Samo życie – chciałoby się rzec. To też zależy od usposobienia i stopnia naszej starszyzny. Innym razem, inny starszy ktoś, z fantazją ułańską i bujną wyobraźnią słowami Sztaudyngera wyznaje: „Nigdy mi nie odmówiły; Te, które mi się śniły”.

Już widzę szydercze uśmieszki na licach pań. Ooo! Nie myślcie, że i dorobek Wam się dzisiaj nic nie dostanie. Wy też swoje grzeszki macie, a potem po latach, zapadłe w głębokie pamiętanie jako wyrzucik mały, przykład ten godzi się przywołać: „chciała bym, a boję się”. I tu następuje westchnienie brzemienne w nostalgię. Najlepiej ujmuje problem ten, mistrza Sztaudynger: „największa krzywda, jaką znają dzieje; gdy chcącej krzywdy, krzywda się nie dzieje”.

A poza tym, w ogóle to jesteśmy bardzo potrzebni i pożyteczni; zarówno babcie jak i dziadkowie.

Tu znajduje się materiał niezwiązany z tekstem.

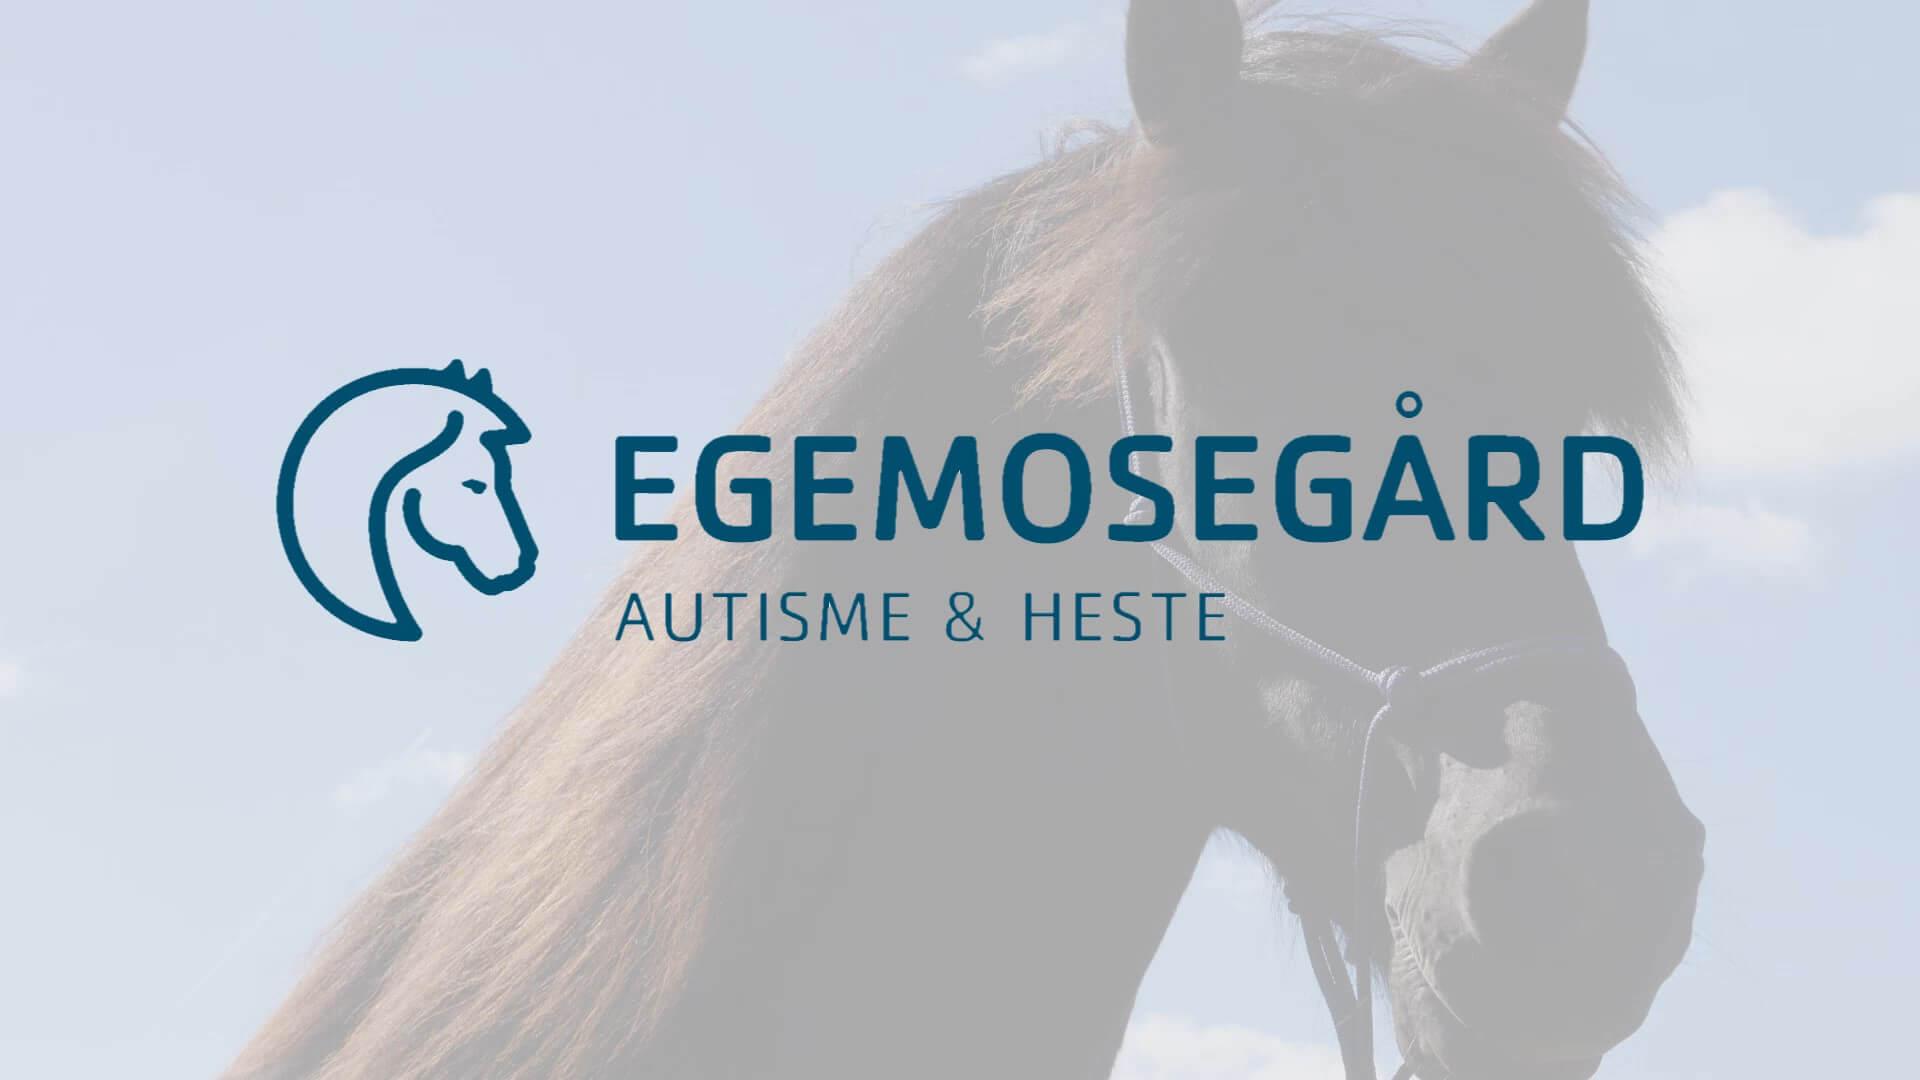 Egemosegård, Autisme og Heste
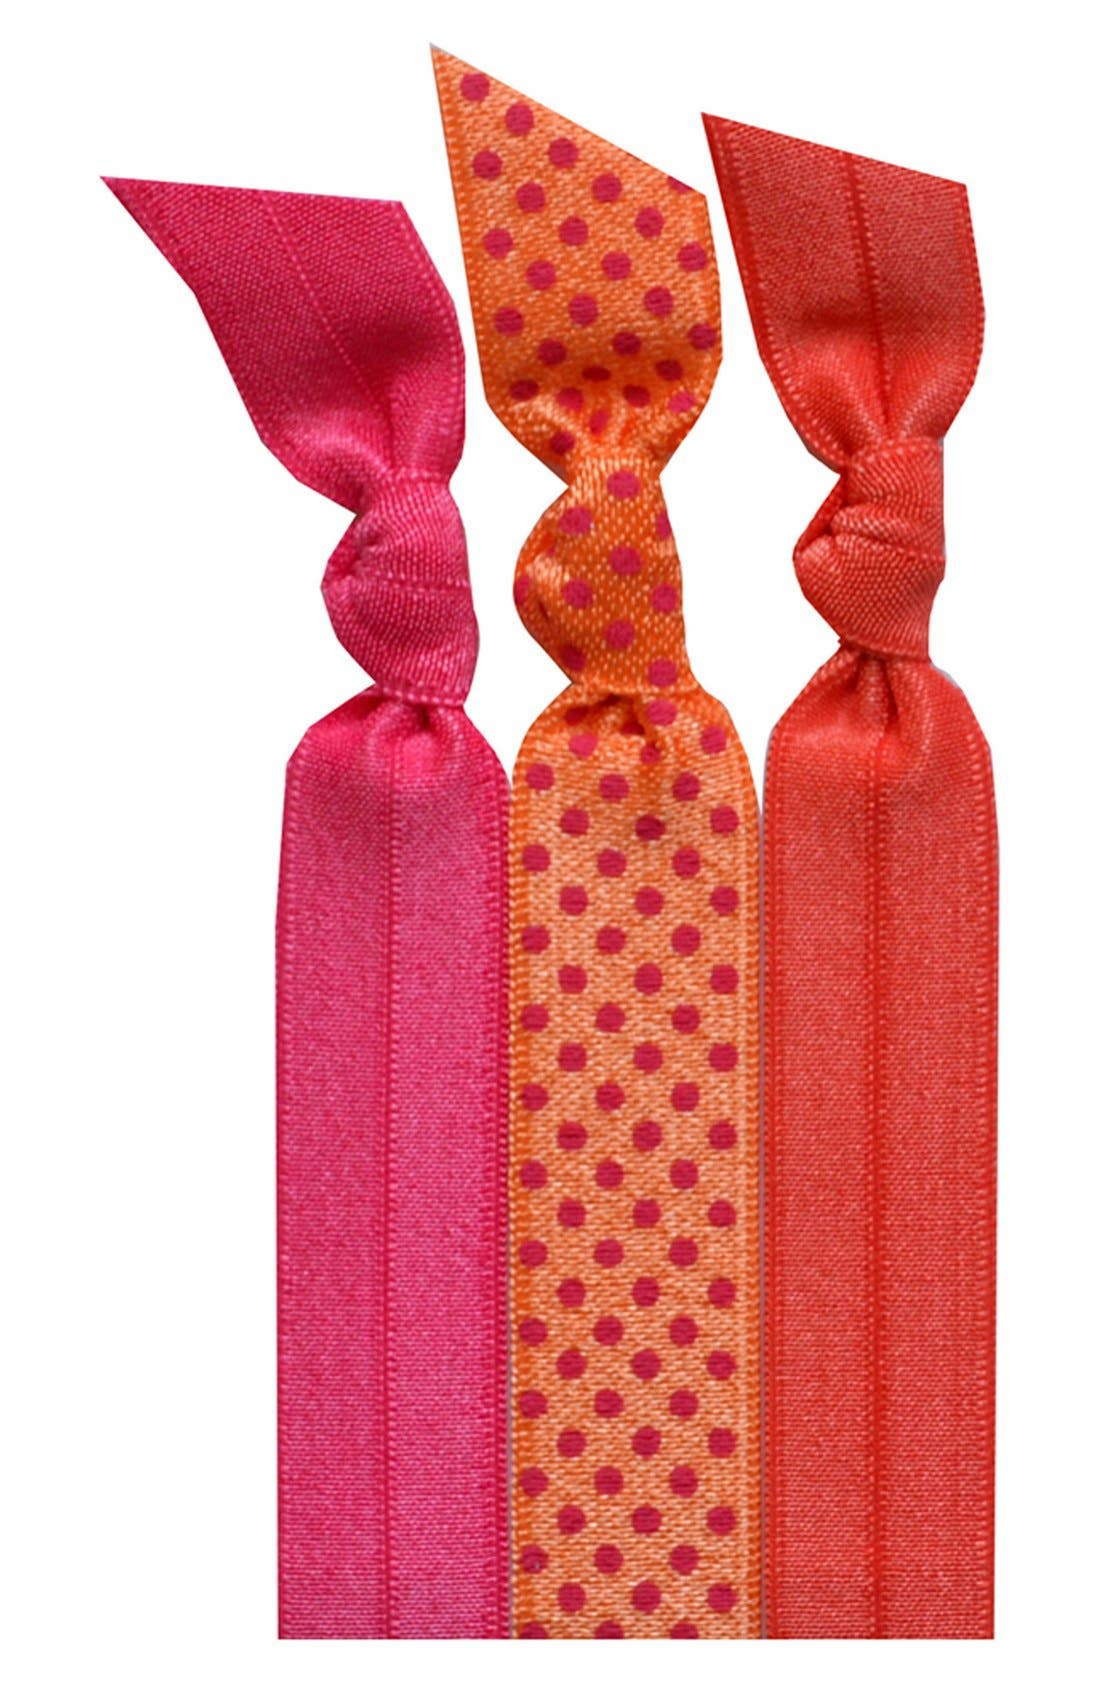 Main Image - Emi-Jay 'Orange' Hair Ties (3-Pack)

Tylko my jesteśmy niezastąpionymi „przechowalniami” dla dzieci, dla piesków i wszelkich innych gadzin. To nie kto inny, tylko my jesteśmy najbardziej potrzebni, kochani, uwielbiani i taką wyliczankę wyrazów kończących się na sylabę „-ni” można by wyliczać w nieskończoność.

A weźmy nasze towarzyszki życia. Kto ulepi najpyszniejsze pod słońcem pierogi jak nie babcia, kto zaparzy na katarek herbatki najlepszej, kto słodziej przytuli niźli babcia? Odpowiedź będzie jedna! Babcia! C.b.d.o. – pamiętamy to z matematyki? Wydaje mi się, iż w sposób jasny i klarowny wyłożyłem pożyteczność naszego gatunku.

Nadto jedna jeszcze maksyma. Teraz naprawdę my możemy decydować o naszym dziś i jutrze. Przecież człowiek, sam jest kowalem własnego losu, więc bierzmy sprawy w swoje ręce. A jak to zrobić wszyscy słyszeli i widzieli, uczestnicząc dziś w podsumowaniu projektu „Może być lepiej i pożyteczniej” realizowanego przez Towarzystwo Miłośników Ziemi Grodkowskiej w ramach Rządowego Programu na rzecz Aktywności Społecznej Osób Starszych na lata 2014 – 2020. Uff! Jakie to uczone… a długie?! W spotkaniu tym udział brali: uczestnicy projektu, grupa rezerwowa, kadra projektu, władze gminy na czele z wiceburmistrzem Waldemarem Wójcicki, radni Rady Seniorów Gminy Grodków, przedstawiciele organizacji senioralnych i pracownicy OKiR-u.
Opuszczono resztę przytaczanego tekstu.